Un nuevo lenguaje íntimo


 

Hoy tengo ganas de jugar.

Escribir un “Diario” es un arte. Y una conversación infinita contigo mismo y con el mundo.

Escribir cartas era un placer íntimo destinado a la persona que amabas o que despreciabas. O era una llamada de atención en un momento delicado de tu existencia. Podía ser el anuncio de una visita de largo recorrido a un amigo. O acaso el lenguaje de un negocio emprendido en ultramar. En fín, que la comunicación se realizaba por carta porque no era posible, en todos los casos, tomarte un café con la persona con la que deseabas tener una conversación. El mensaje que llevaba nuestra carta podía tardar entonces en llegar -como diría Sabina- catorce días o quinientas noches…

Todo es distinto hoy. Nos inventamos signos abreviados para decir “Te quiero”, para decir “sigo pensando en tí”… Y la inmediatez tecnológica consigue el milagro de que el viaje de tus mensajes no dure más de escasos segundos. Esta circunstancia nueva lo hace todo un poco más efímero. Da vértigo. Es como si los sentimienos tuvieran una fecha de caducidad más próxima, y eso es inquietante.

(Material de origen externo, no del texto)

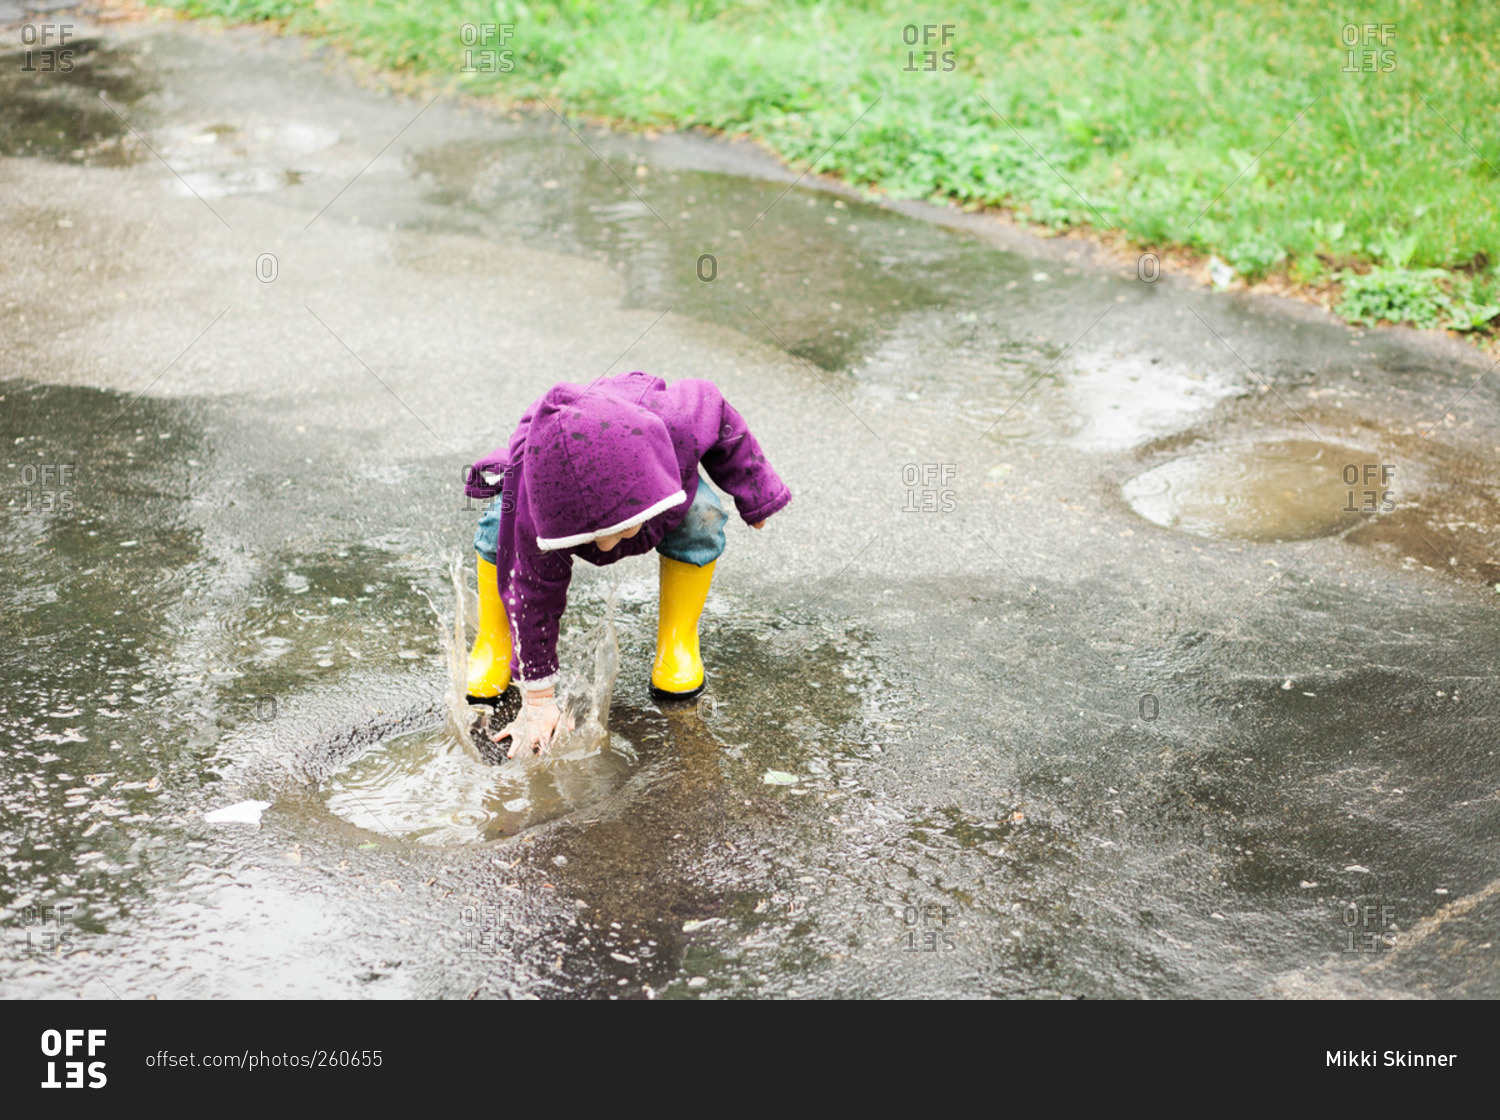 Girl playing in a rain puddle on concrete

El mundo avanza espantosamente rápido y todo envejece y se convierte en obsoleto al minuto de ser descubierto. Siento que vamos todos corriendo, persiguiendo el sueño de la inmortalidad a la velocidad de la luz y, sinceramente, es más difícil disfrutar del camino así, a toda prisa. Ya la vida es corta… Yo necesito un poco de por favor.

Slowly fué una canción de Aute que me gustó.

Leonard Cohen es un maestro del sosiego con el que me entiendo bien. Juega con las pausas, con los silencios, hasta con la tristeza de sus ojos que también cantan.

Pero no estaba hablando de música ahora, aunque es una de las formas más bellas que existen para entenderse. Un pianísimo extremo estremece. Unos arpegios hieren..

Hoy quiero jugar a entendernos, como niños.

Quiero jugar contigo a inventarnos signos que vuelen inalámbricos, y me acerquen al aroma con sabor a susurros y a café de tu cuerpo, a la luz agriculce habitando la hiedra solemne de tus ojos. Al tenue silbido de los silencios…

Ahora, que soy como una lágrima en equilibrio, quiero que vuelen inalámbricos los signos; que te lleguen, que me lleguen, y dejarlos que aniden en el bosque de los calendarios infinitos con su melancólico ritual, que solo nosotros entenderemos.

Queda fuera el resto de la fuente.